_Task description_. The entire listing below is to be written out exactly, minus the pictures.

_Recorded data_.
--------------------

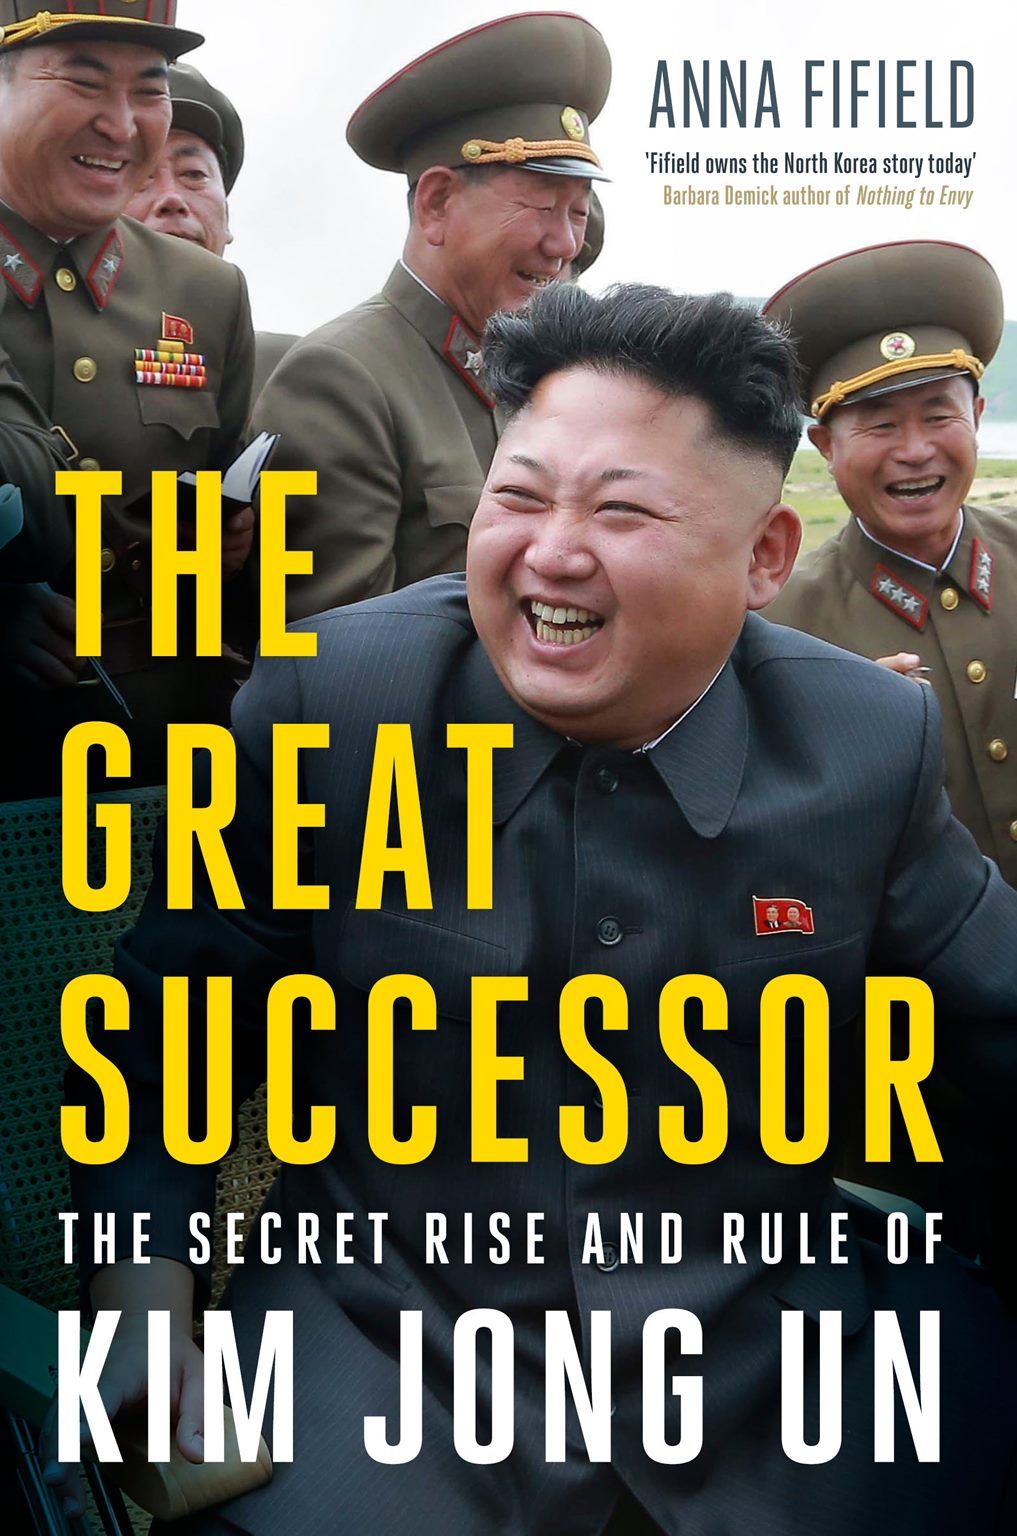 THE GREAT SUCCESSOR: The Secret Rise and Rule of Kim Jong Un
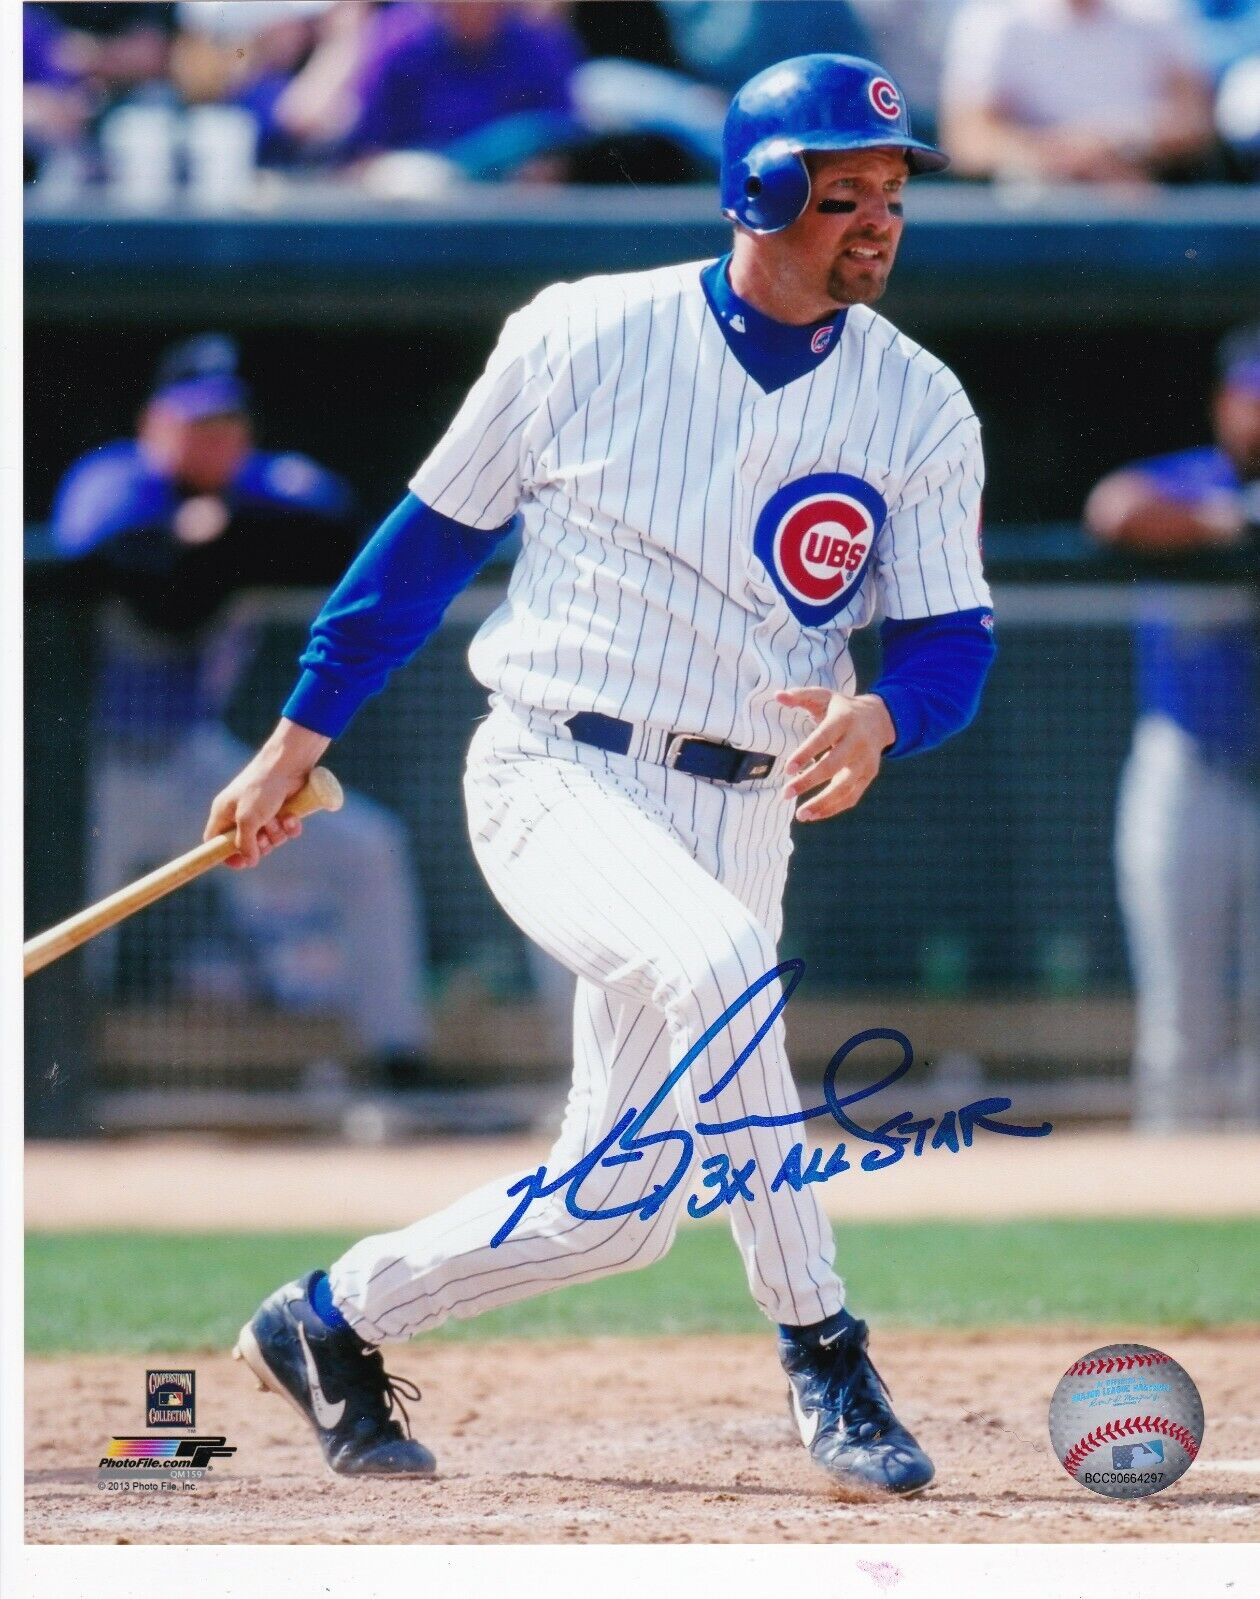 MARK GRACE CHICAGO CUBS 3 X ALL STAR ACTION SIGNED 8x10
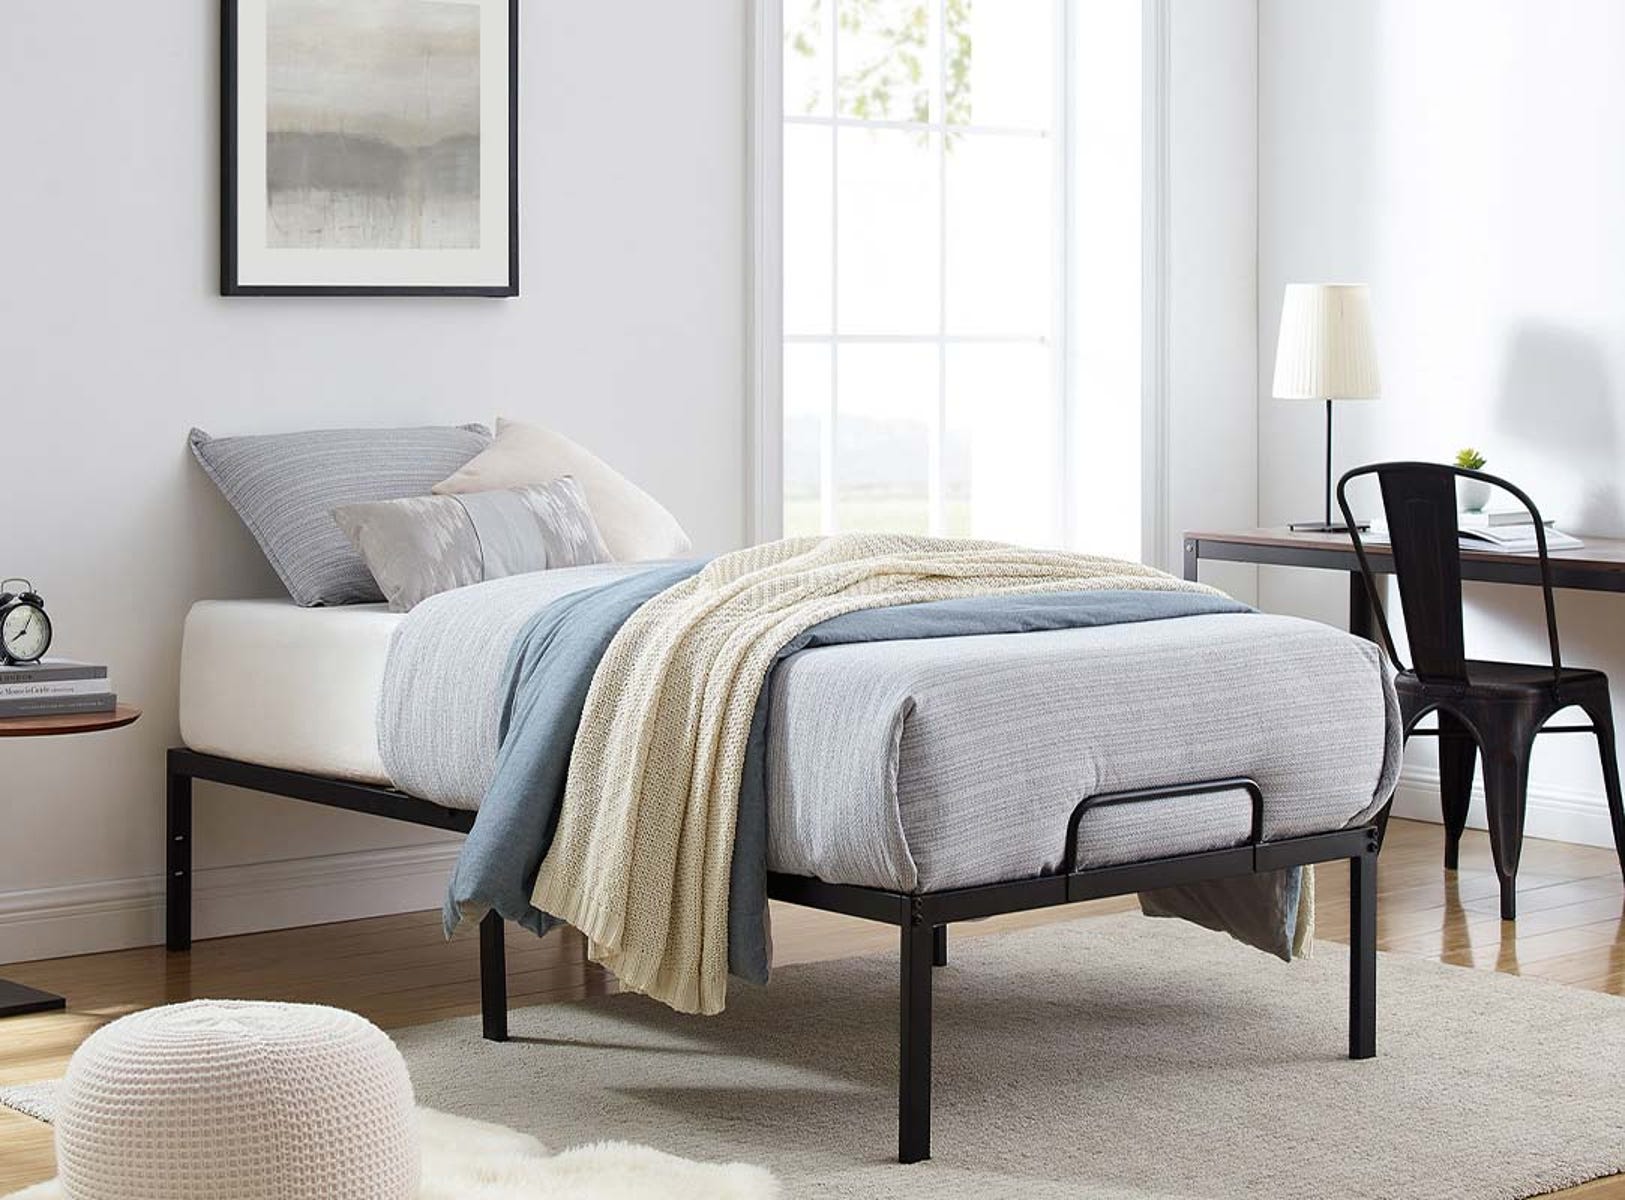 best place to buy bed frame and mattress

--------------------

_Exercise output_.
 THE GREAT SUCCESSOR: The Secret Rise and Rule of Kim Jong Un
 MARK GRACE CHICAGO CUBS 3 X ALL STAR ACTION SIGNED 8x10
 best place to buy bed frame and mattress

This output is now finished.